Claim: Massachusetts voters feared a national insurance overhaul would undermine their state's program.
Can lessons of Tuesday's Massachusetts election be nationalized? The state's electorate is atypical: Massachusetts is the only state that has already enacted its own insurance overhaul resulting in near-universal coverage. A Suffolk University poll of 500 Massachusetts registered voters conducted from Jan. 11 to Jan. 13 found that 54 percent supported the state's insurance system, while 36 percent opposed it. Republican Scott Brown did make the argument during the campaign that, "We already have insurance. We have 98 percent of our people insured, so why we would we in fact cut medical -- you know, Medicare half-a-trillion, have longer lines, lesser coverage, subsidize other states? It makes no sense. It's not good for Massachusetts." Was Tuesday's outcome a case of self-interested voters trying to preserve what they had? Was the election not an indicator of national sentiment?
Fact or fiction?
Unclear. There was no exit poll sponsored by news organizations which would have given insight into why voters backed Brown.
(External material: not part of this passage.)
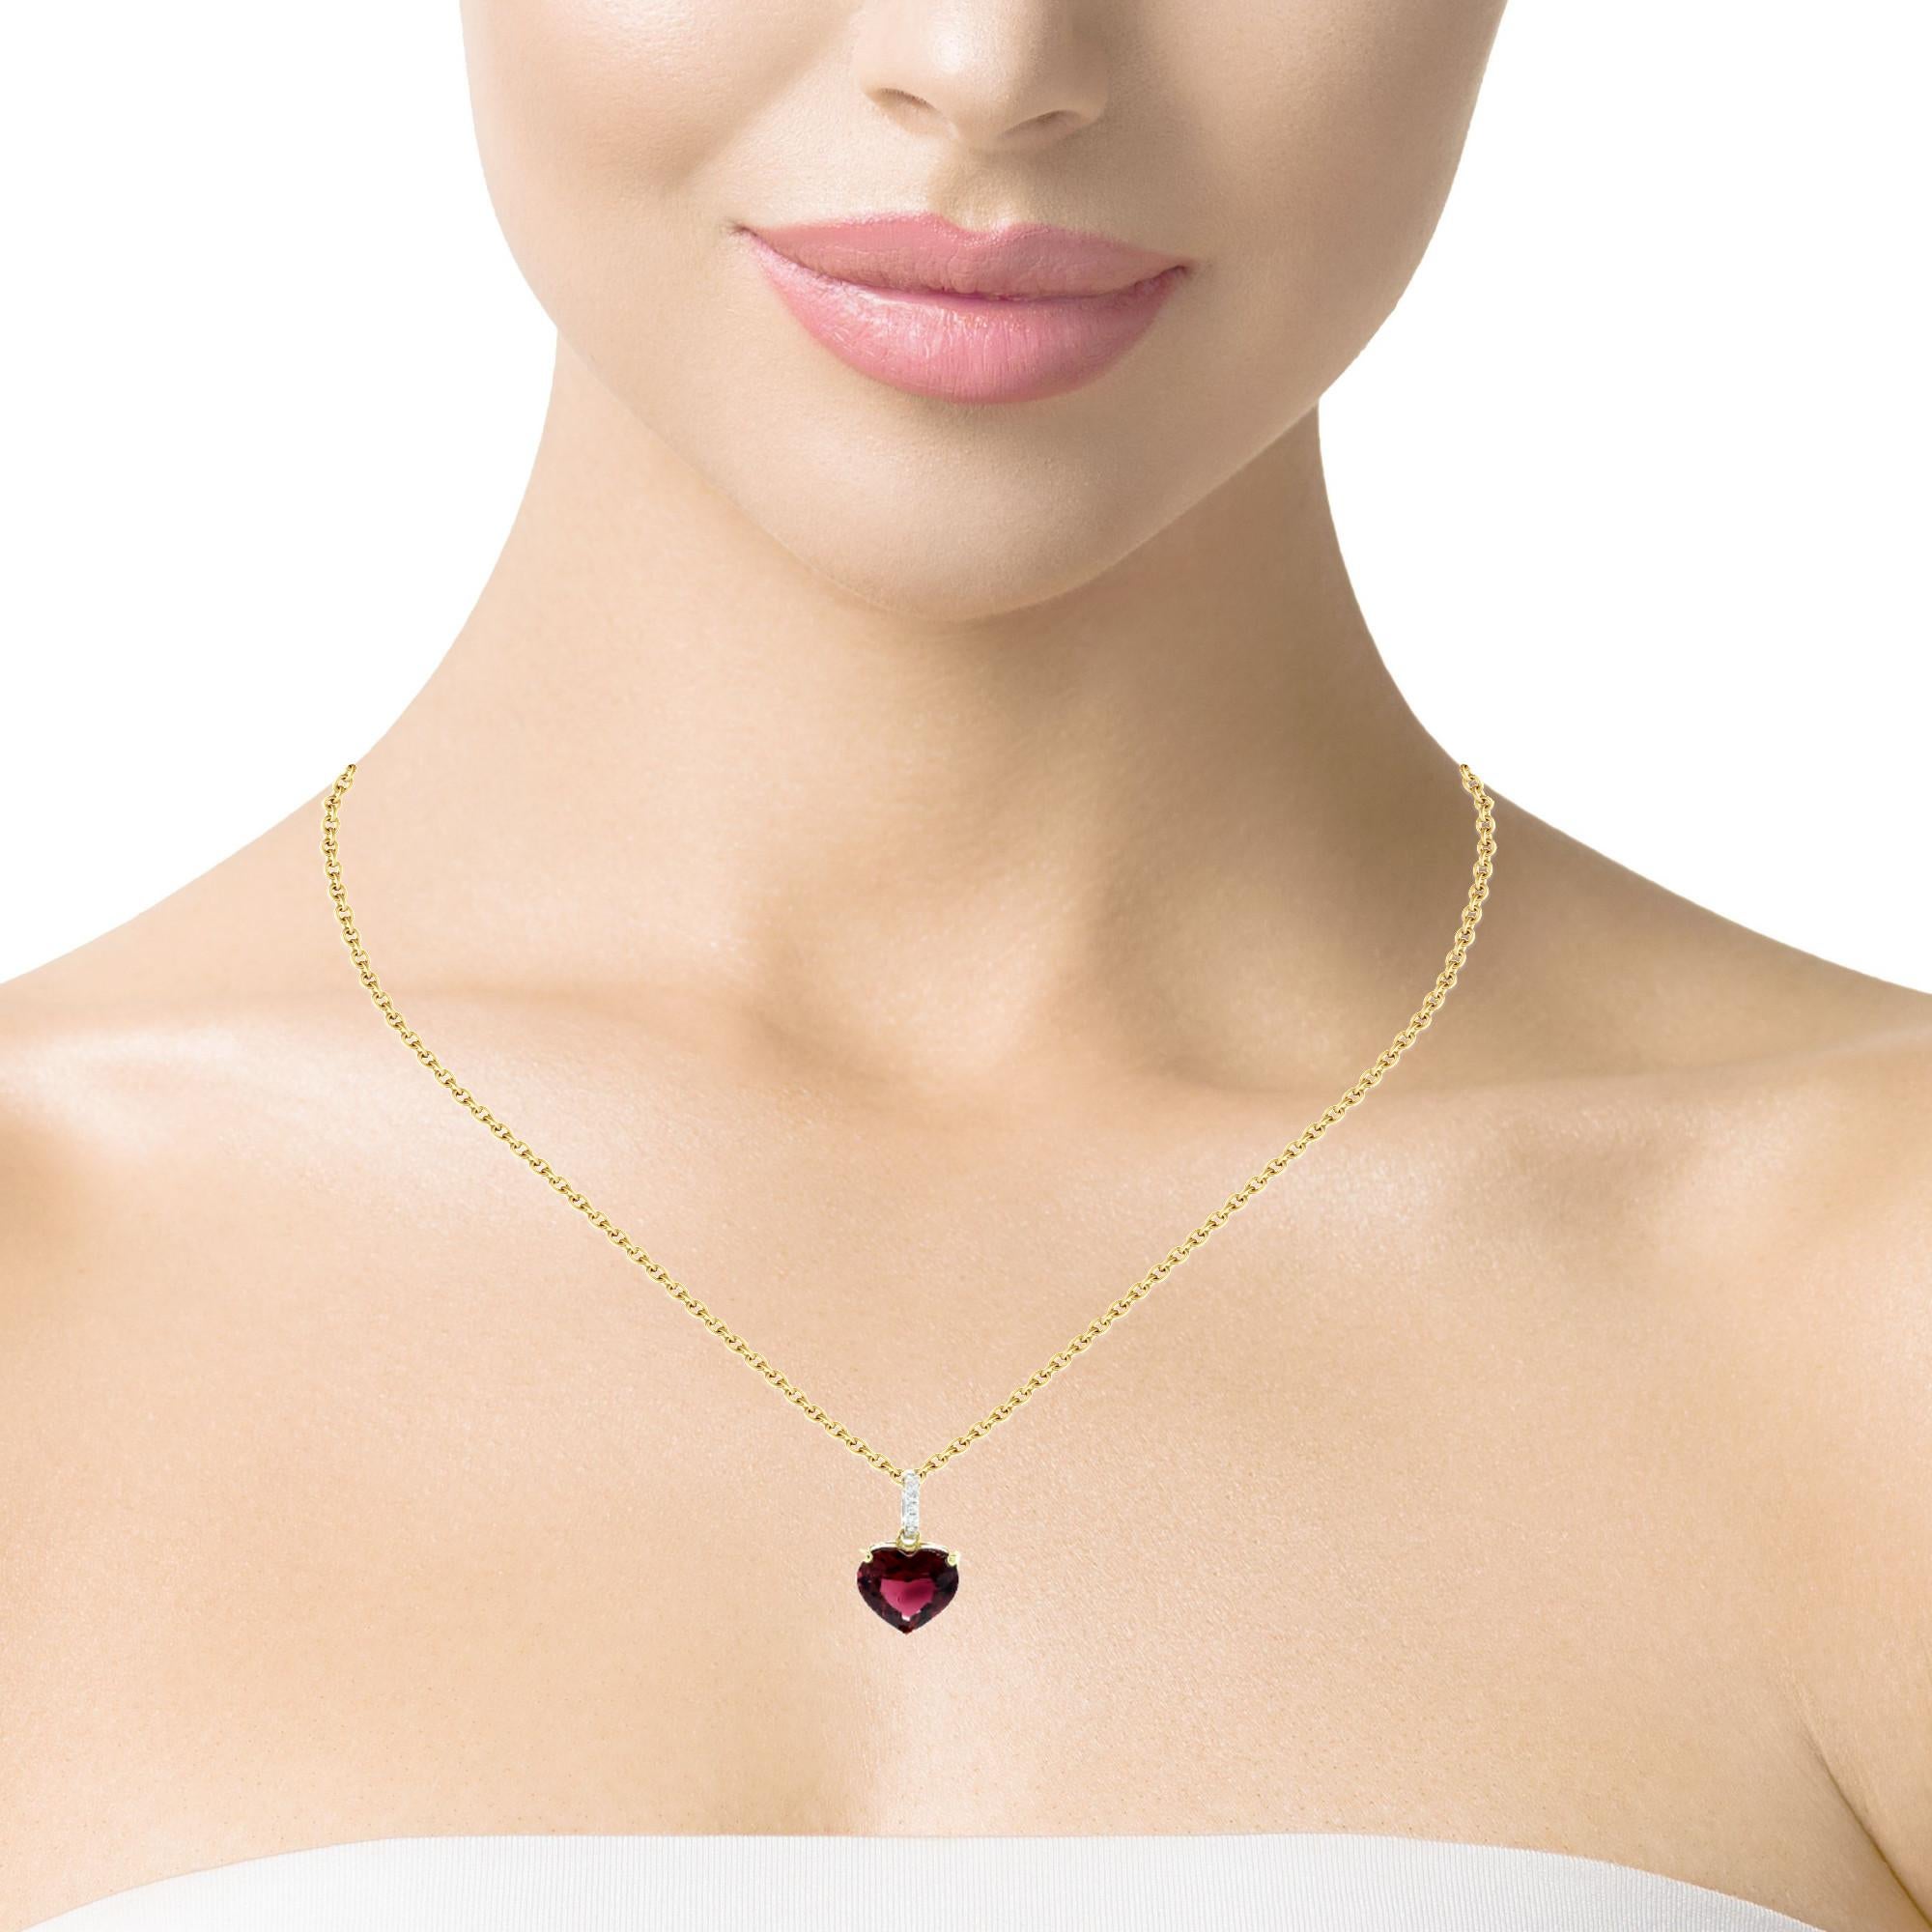 Women's or Men's Rubellite Red Tourmaline Pendant, 9.28 Carat Heart Shape with Diamond Set Bail For Sale

Some firms did conduct election night telephone polls, but the sample sizes were far smaller than Election Day exit polls and the respondents were people who said they voted, not flesh-and-blood voters. In one poll conducted by Republican firm Fabrizio, McLaughlin & Associates, 42 percent said their vote was intended to help stop Democrats' insurance overhaul, 31 percent said it was intended to help pass the Democrats' overhaul and 23 percent said health care wasn't a deciding factor. Last week's Suffolk poll showed that 62 percent of Massachusetts voters thought their state's insurance system was unaffordable, despite the fact that many of them support it. Two facts were undisputed: Brown campaigned as the man who'd stop the Democrats' bill, and he won.